*WHAT THE TASK REQUIRES*: Begin at the line that has "Torpédo C3 1926 Rolland Pilain", stop after the line that has "Dell Gaming Lite", and print exactly those lines from the records below, without any pictures.

*EXERCISE MATERIAL*:
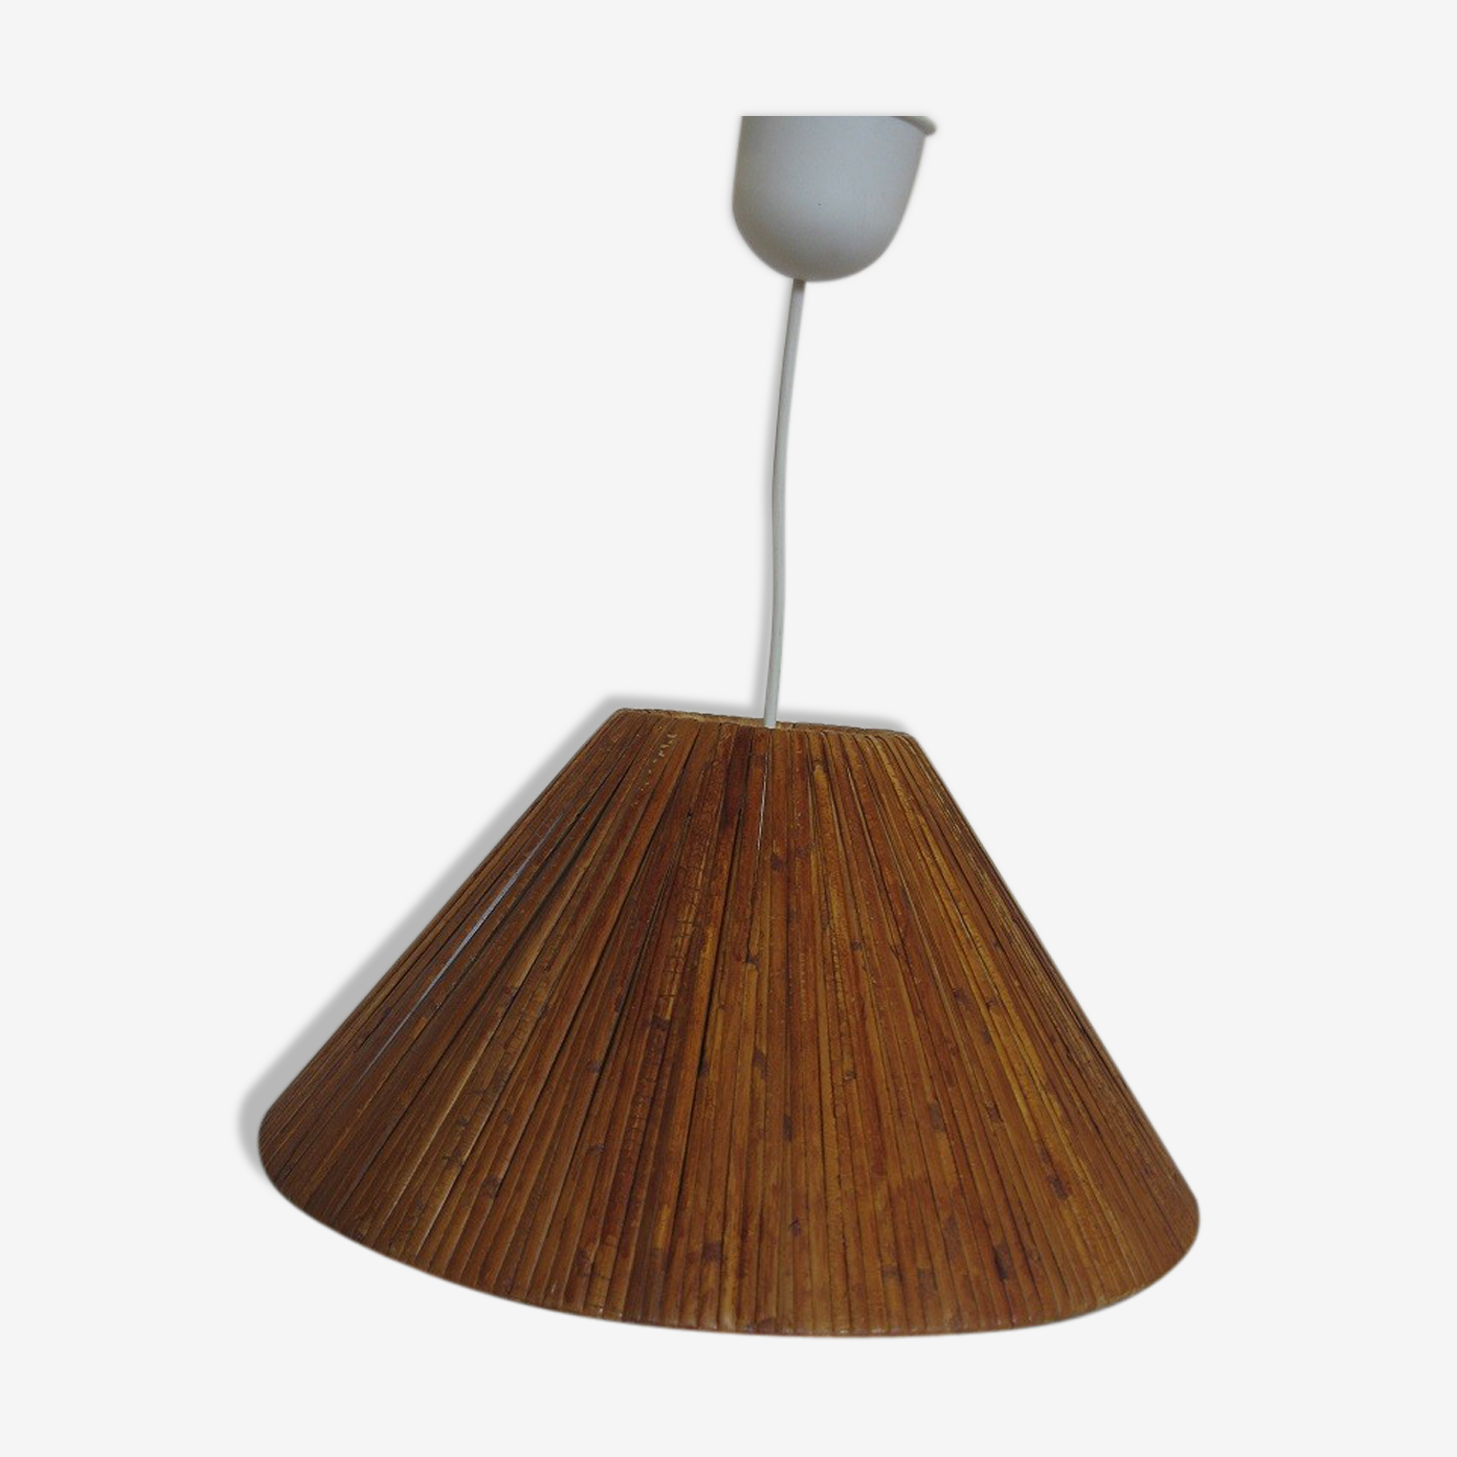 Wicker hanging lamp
---
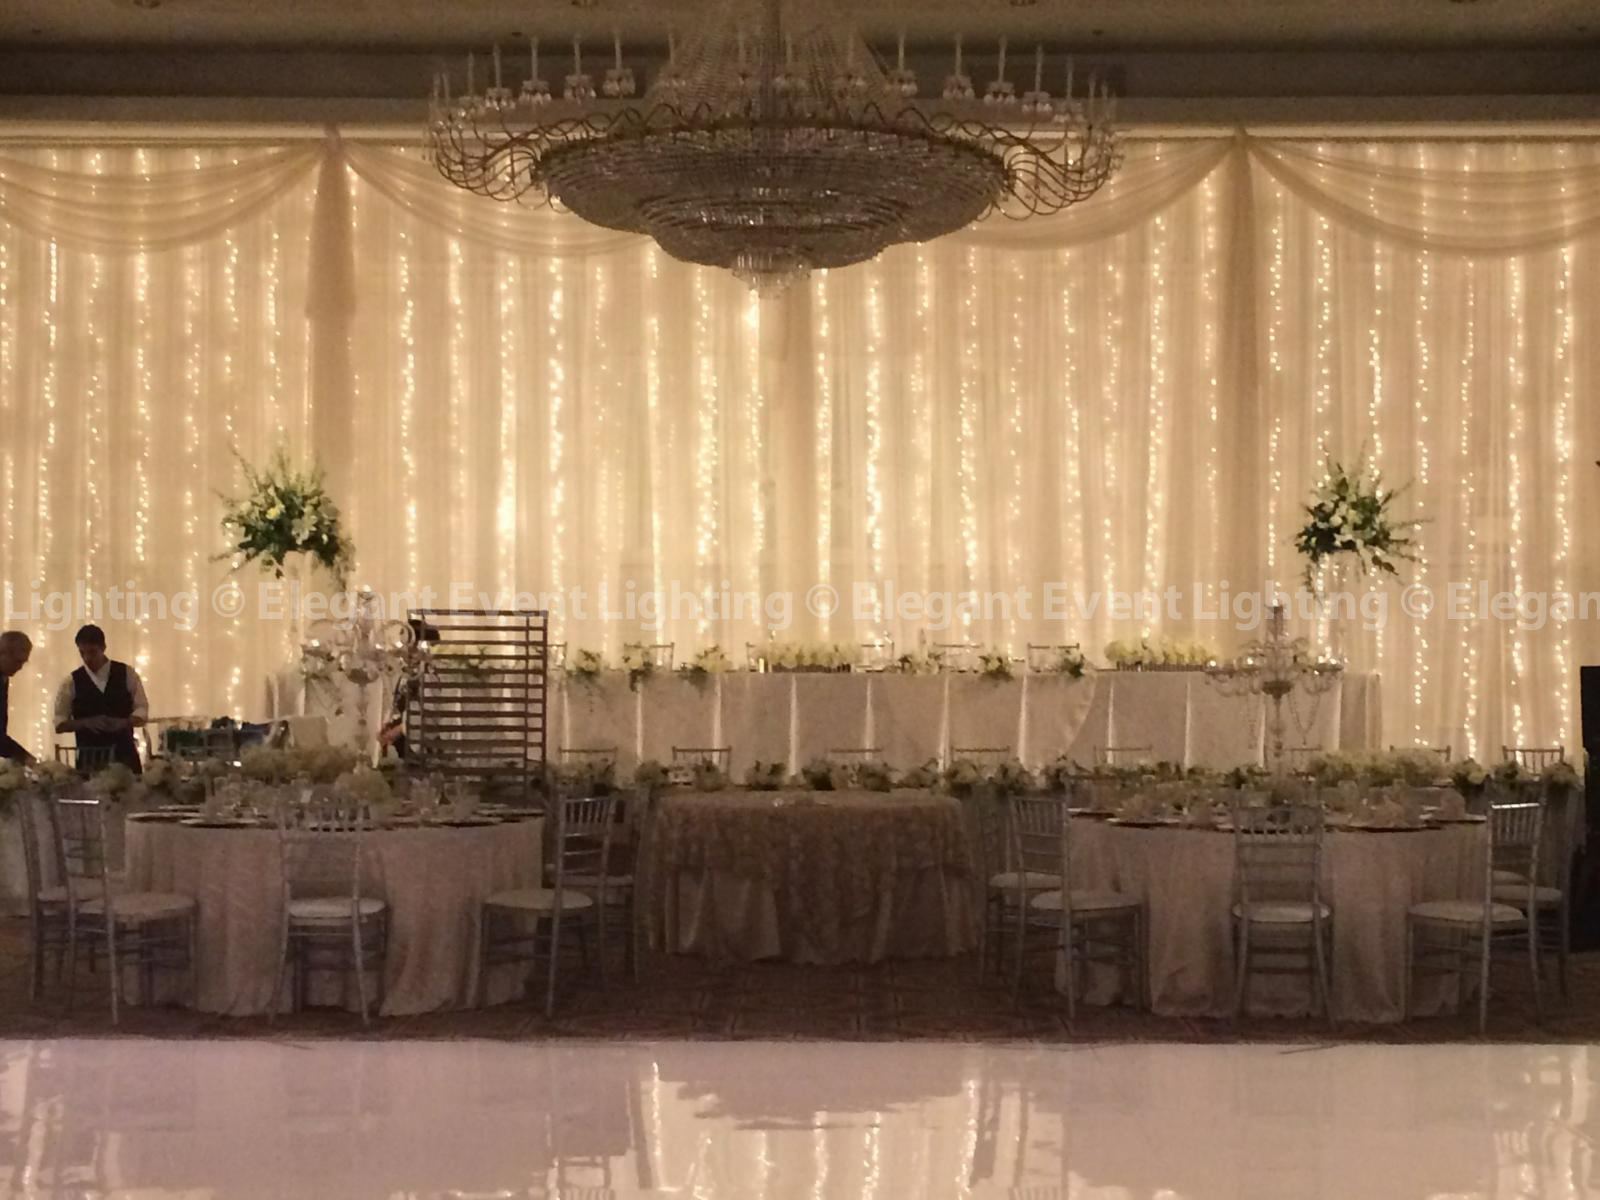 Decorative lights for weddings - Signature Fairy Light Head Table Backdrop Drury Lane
...
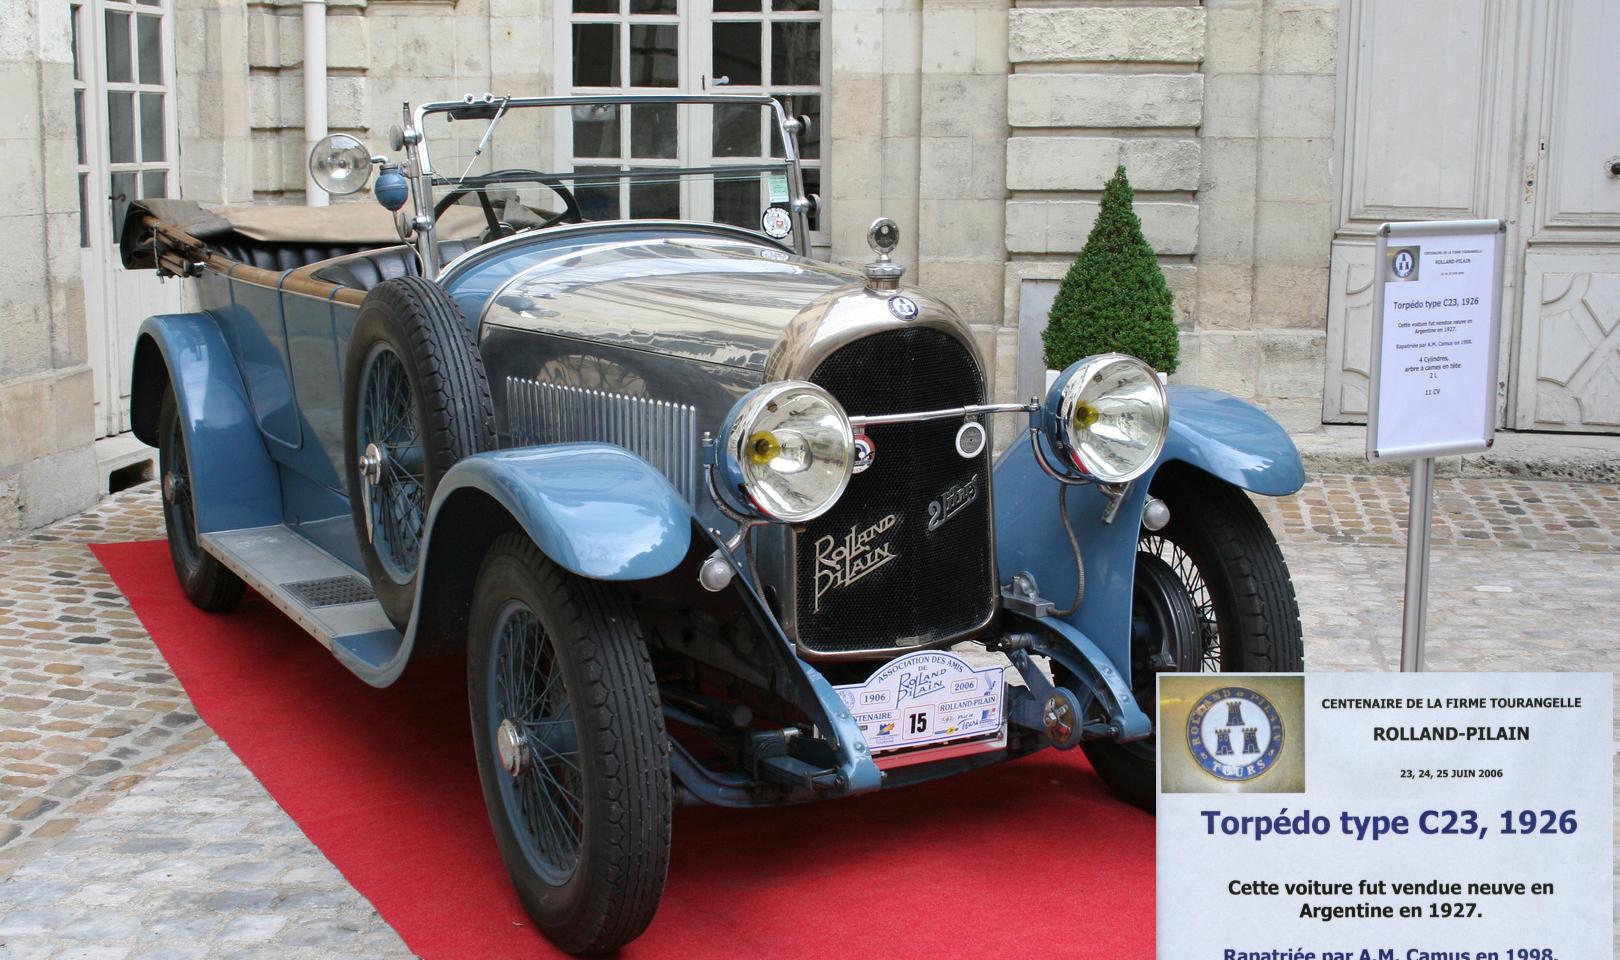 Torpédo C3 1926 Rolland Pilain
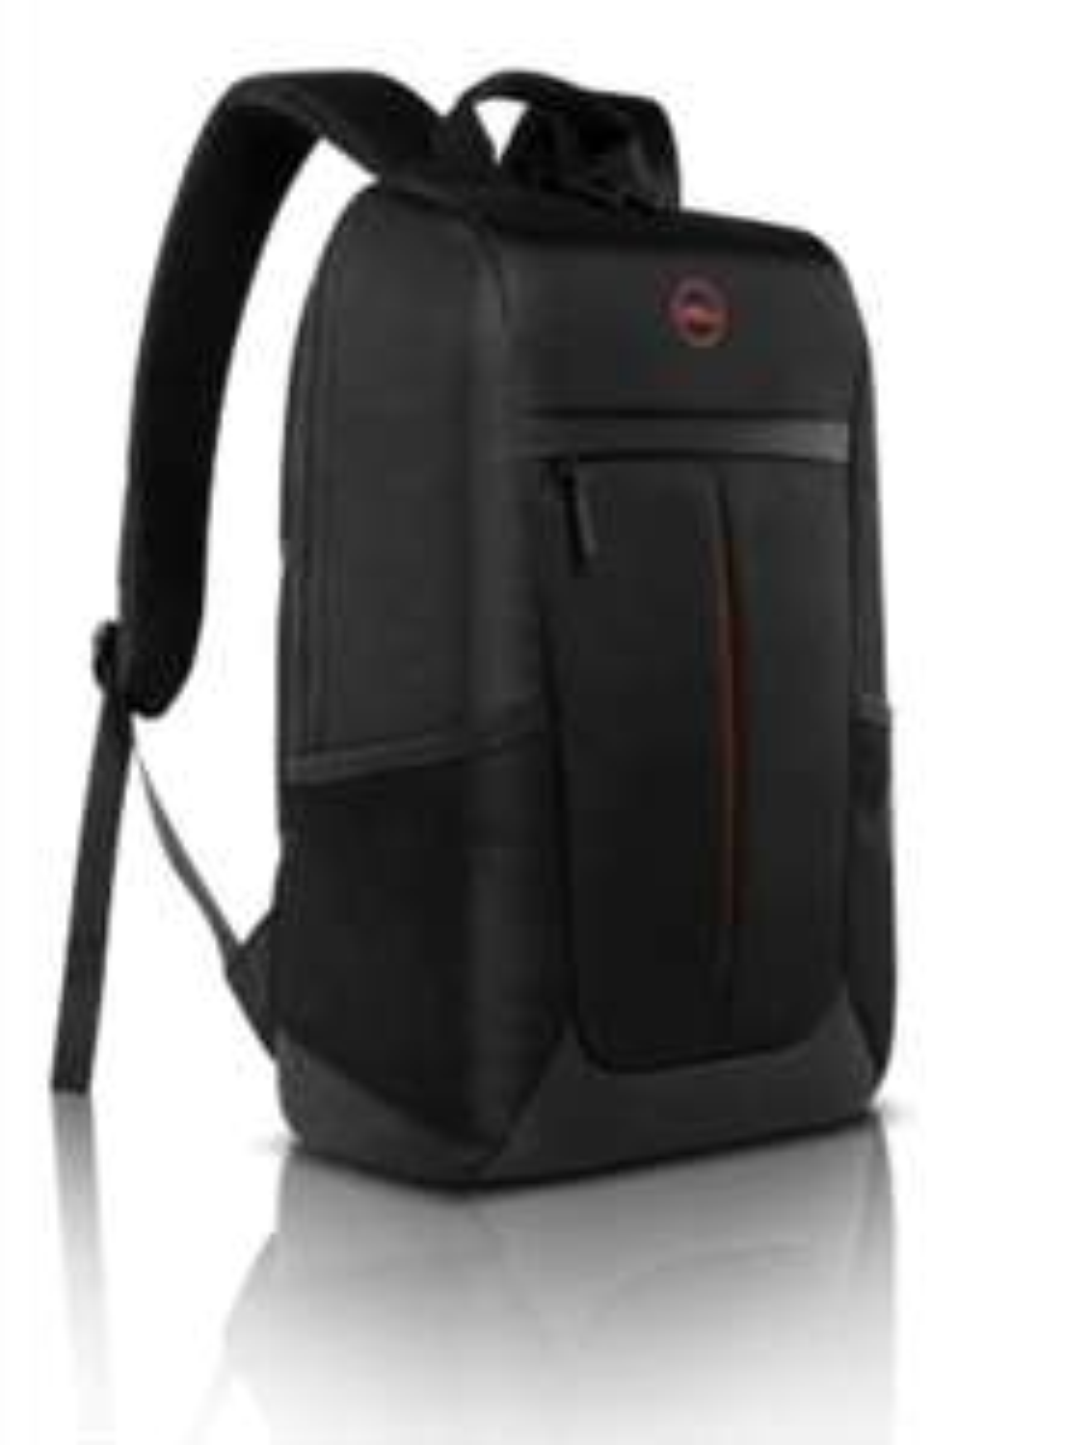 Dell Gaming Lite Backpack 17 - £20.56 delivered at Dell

*REPLY*:
 Torpédo C3 1926 Rolland Pilain
 Dell Gaming Lite Backpack 17 - £20.56 delivered at Dell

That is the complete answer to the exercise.